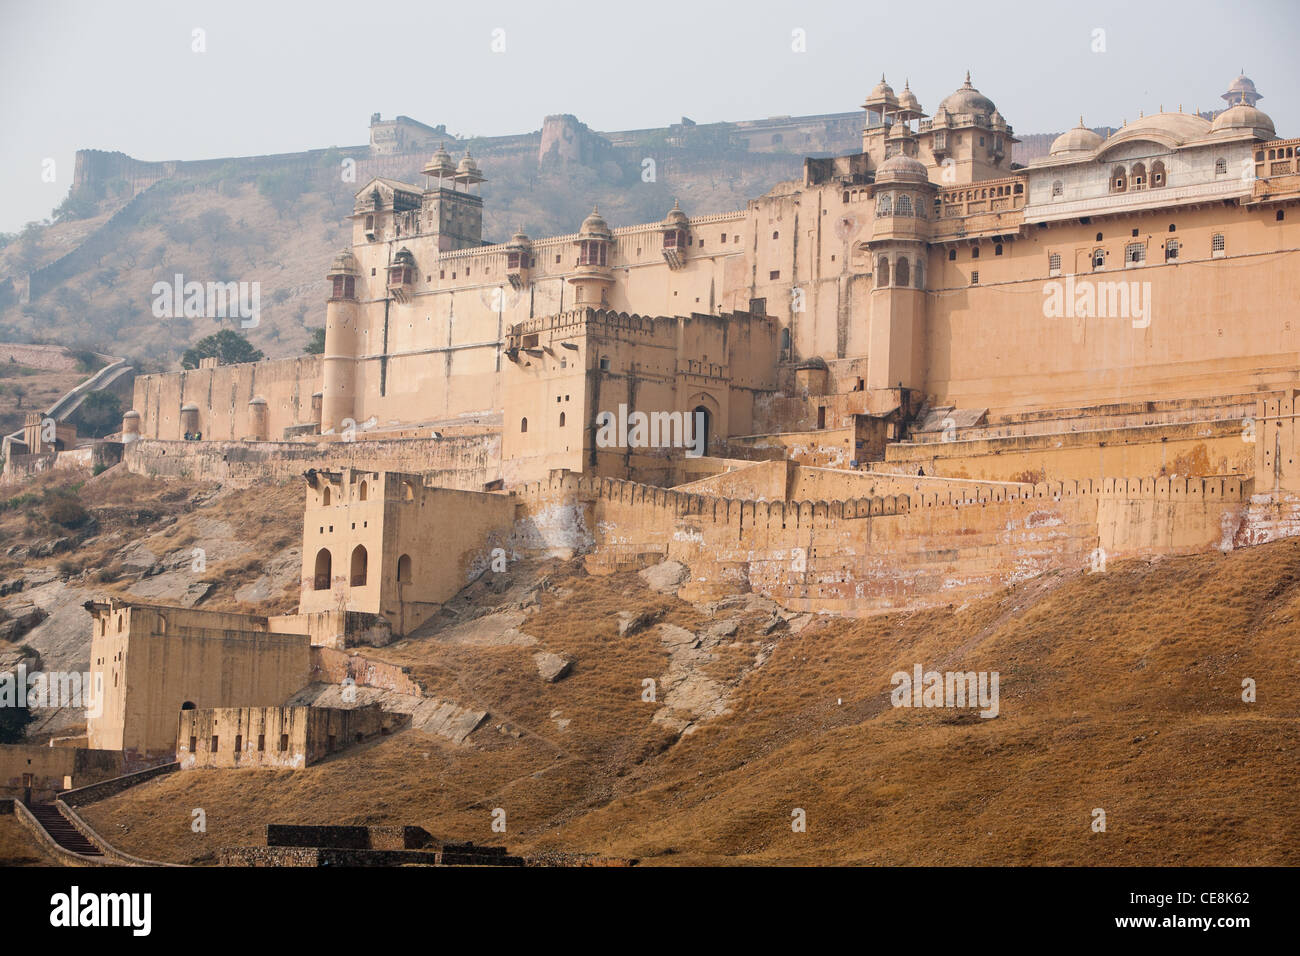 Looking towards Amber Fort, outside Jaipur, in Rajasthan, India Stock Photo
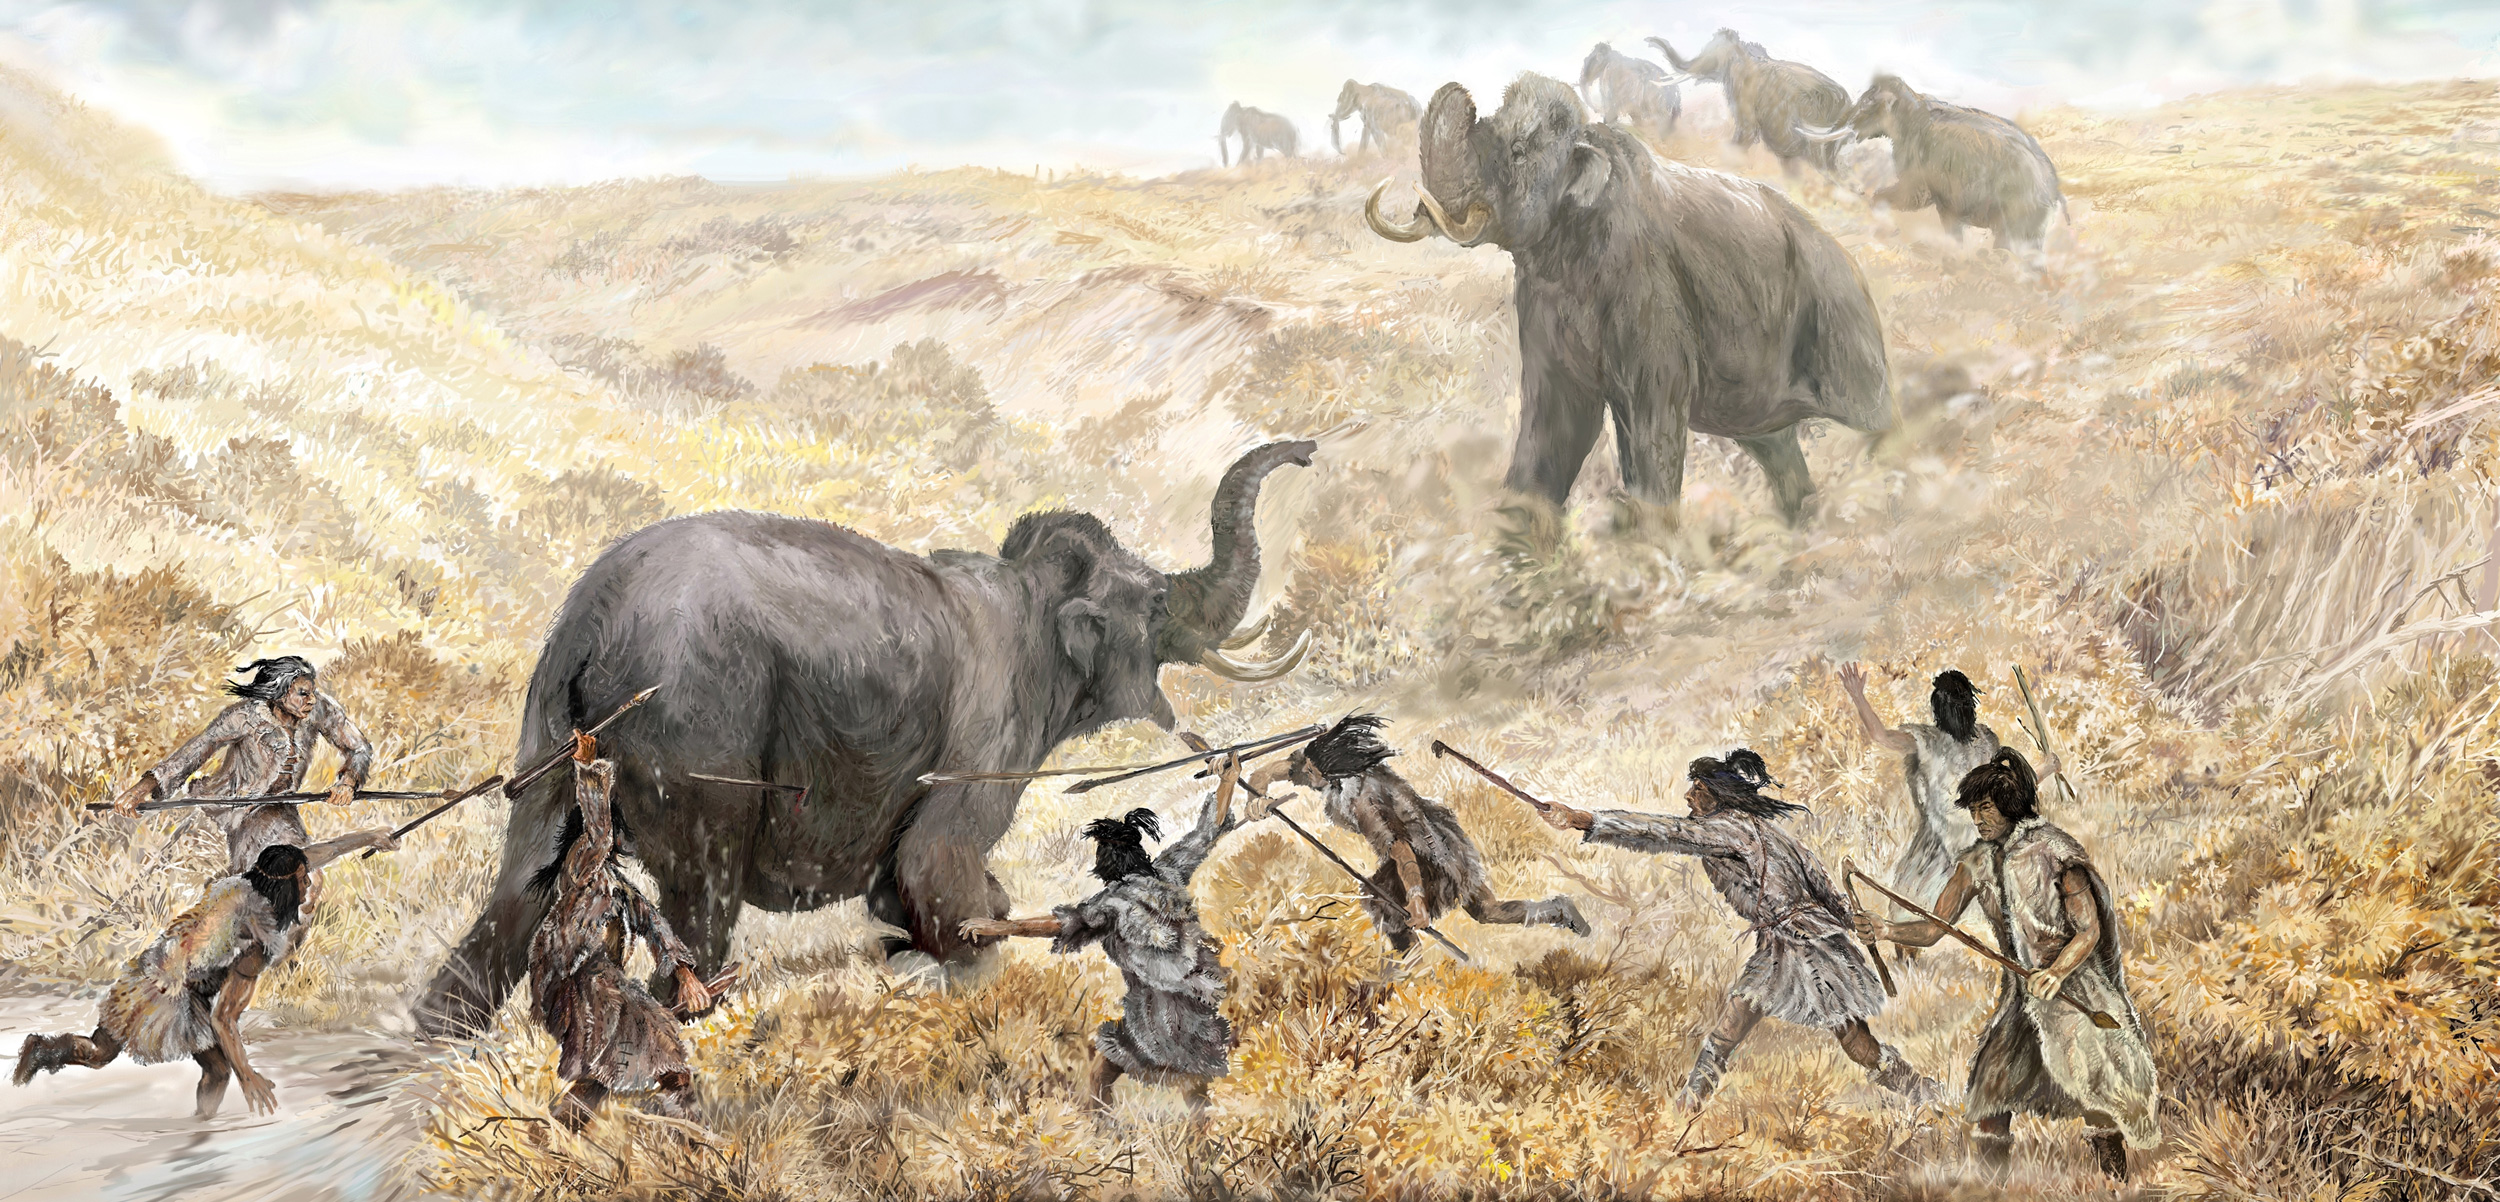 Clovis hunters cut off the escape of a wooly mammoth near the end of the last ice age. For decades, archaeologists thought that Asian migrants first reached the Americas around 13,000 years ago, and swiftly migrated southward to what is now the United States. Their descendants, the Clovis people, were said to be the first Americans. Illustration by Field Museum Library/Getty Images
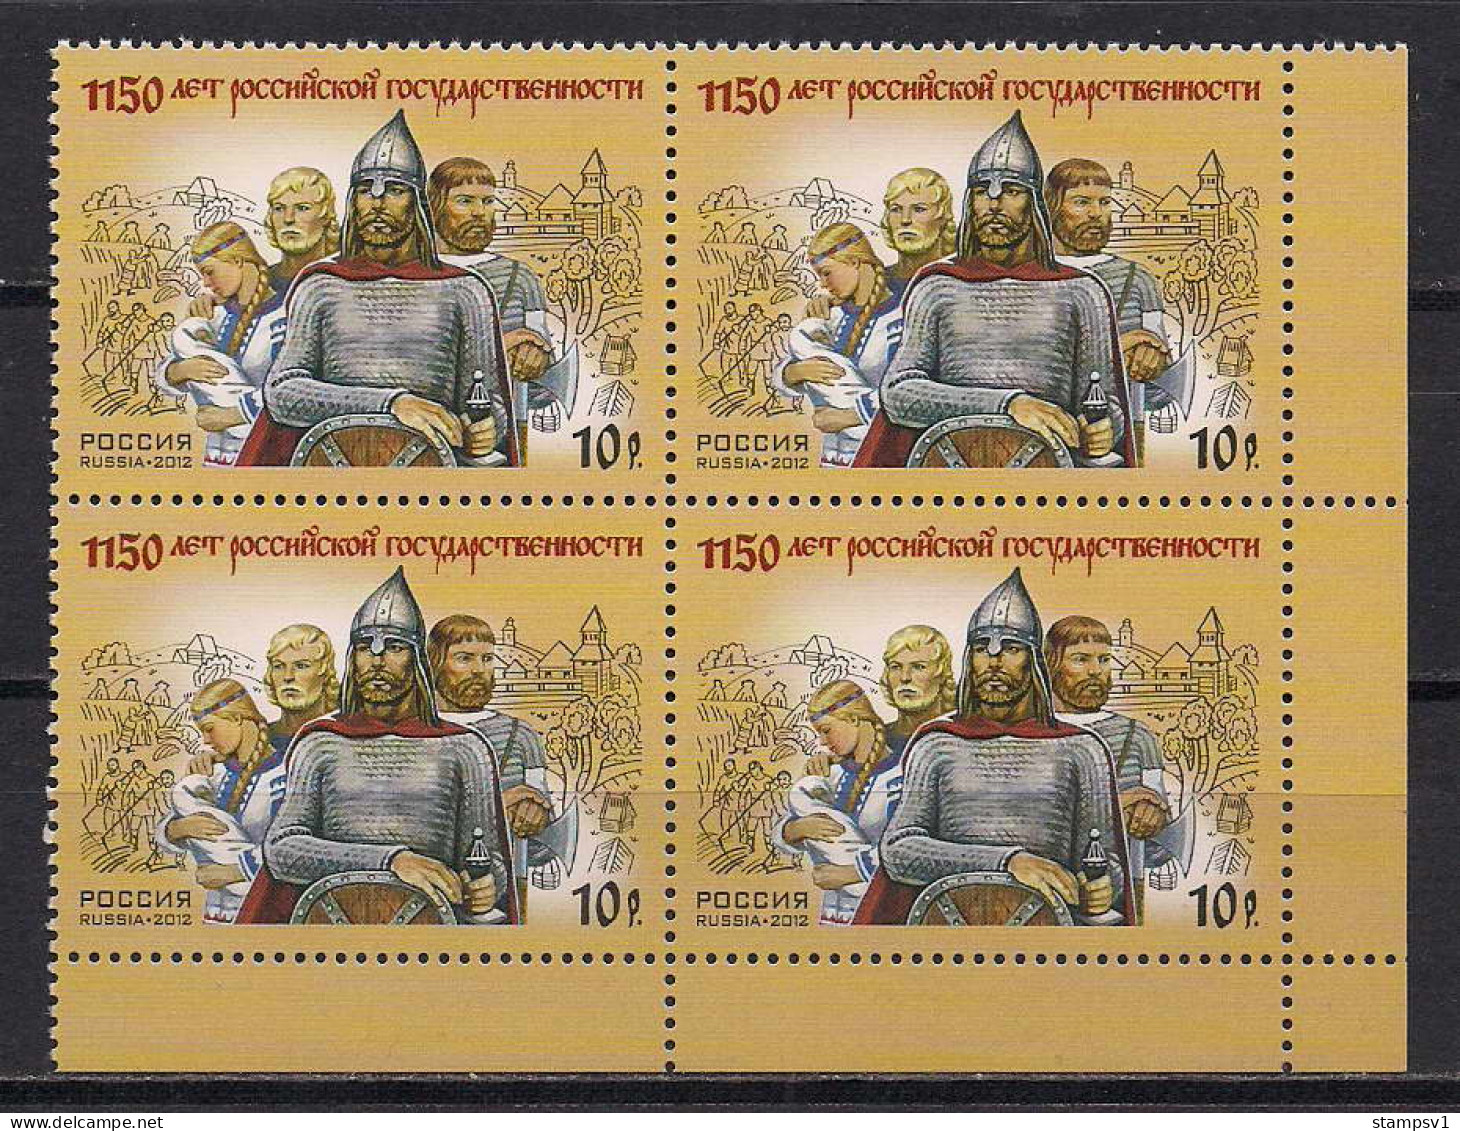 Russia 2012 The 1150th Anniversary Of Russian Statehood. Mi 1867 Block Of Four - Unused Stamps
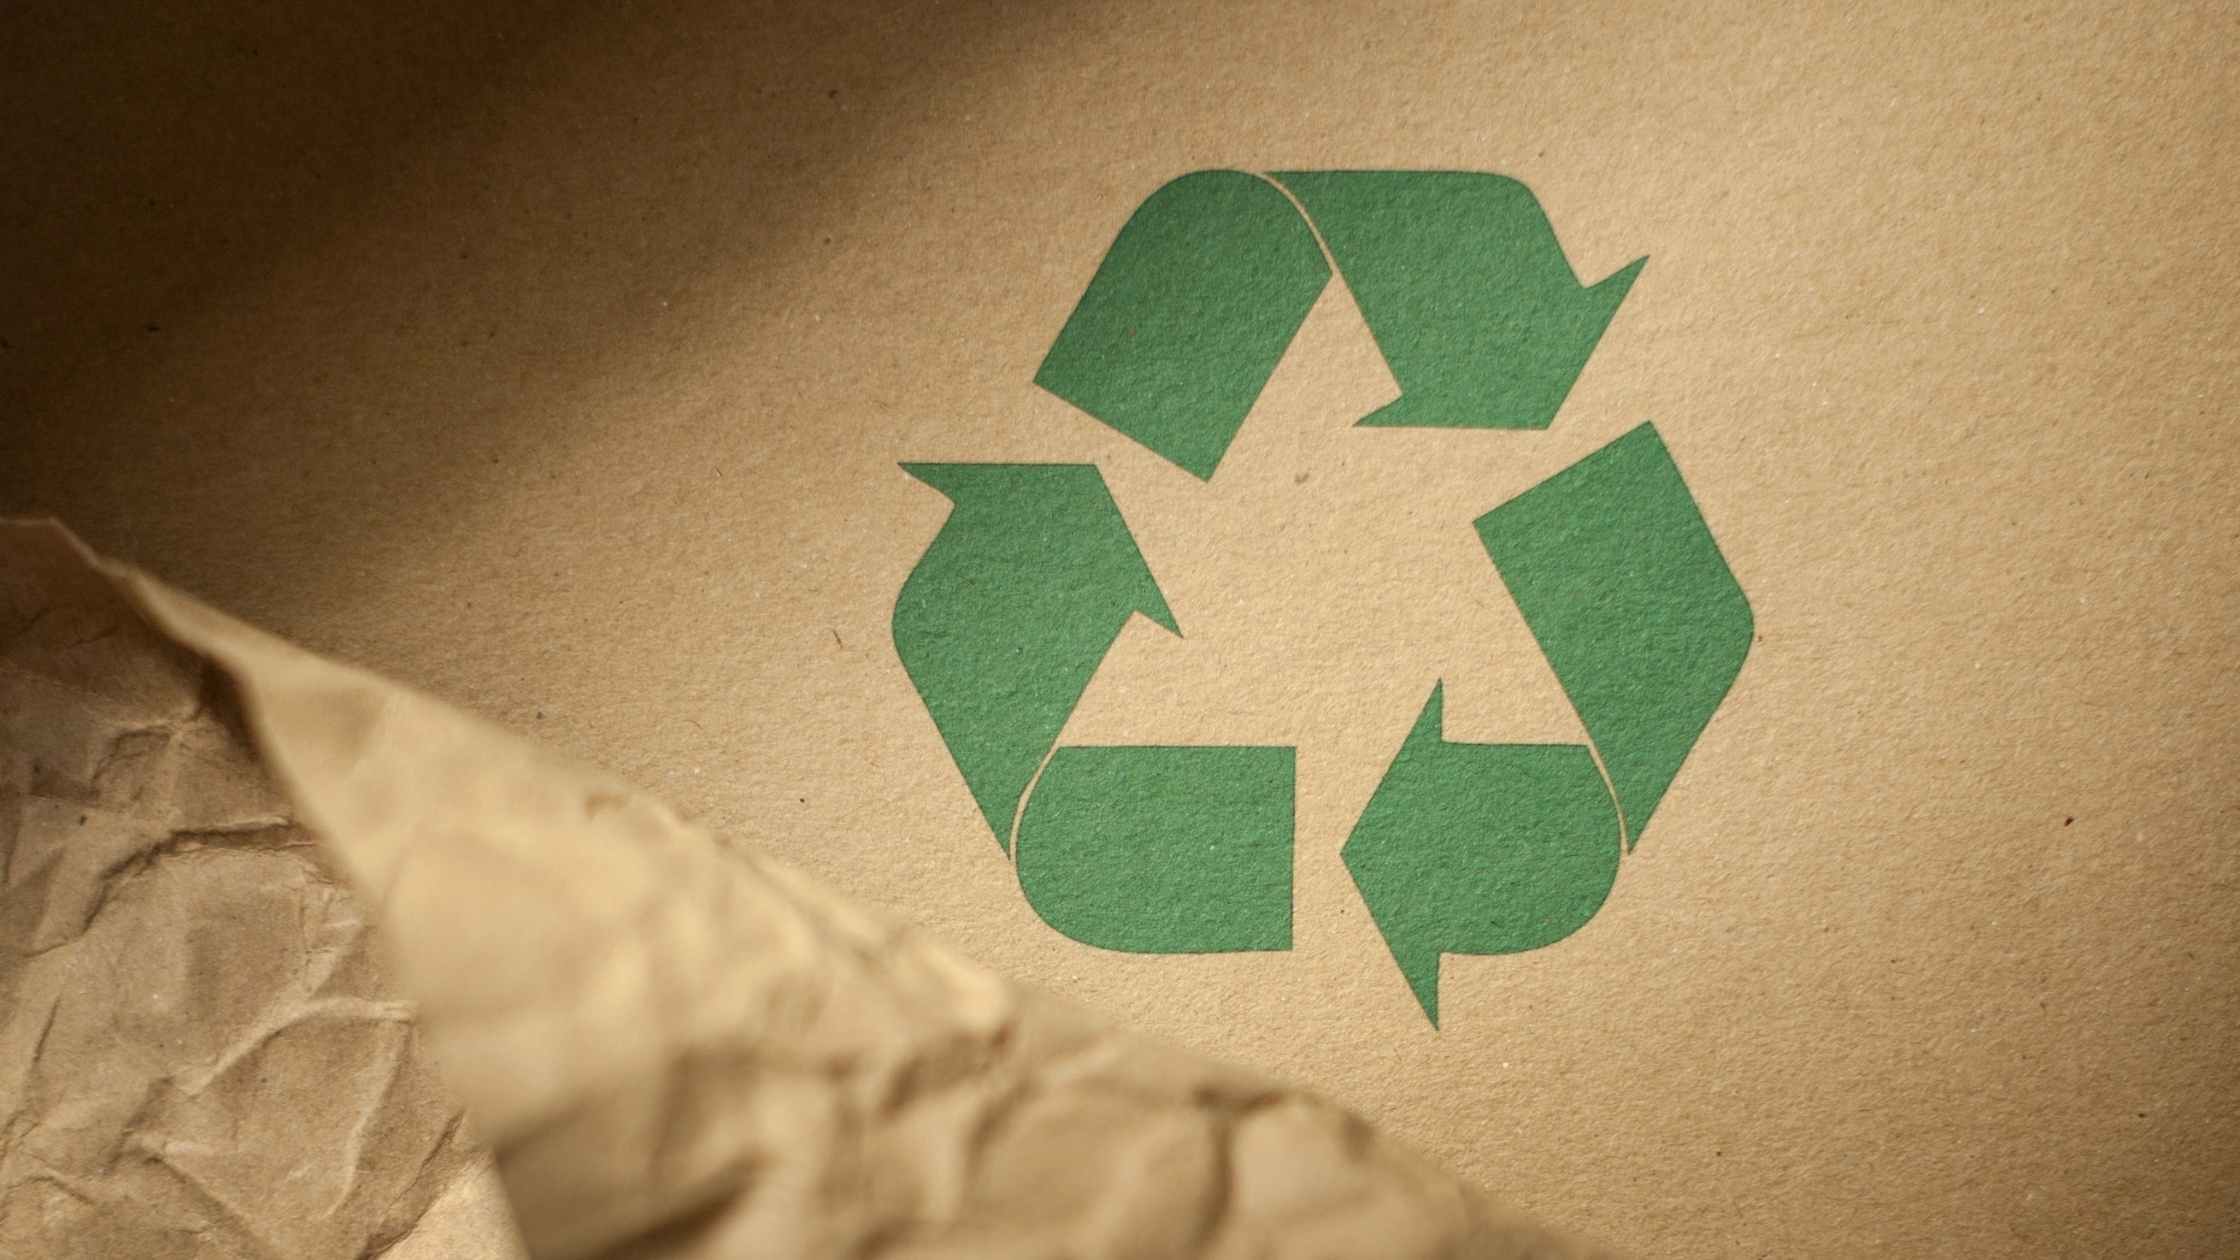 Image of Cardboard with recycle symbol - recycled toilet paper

■ Required action
An exact copy of the lines from the line containing "Russia 2012 The" through the final line of the listing, without pictures, is the expected result.

■ Reply
 Russia 2012 The 1150th Anniversary Of Russian Statehood. Mi 1867 Block Of Four - Unused Stamps
 Image of Cardboard with recycle symbol - recycled toilet paper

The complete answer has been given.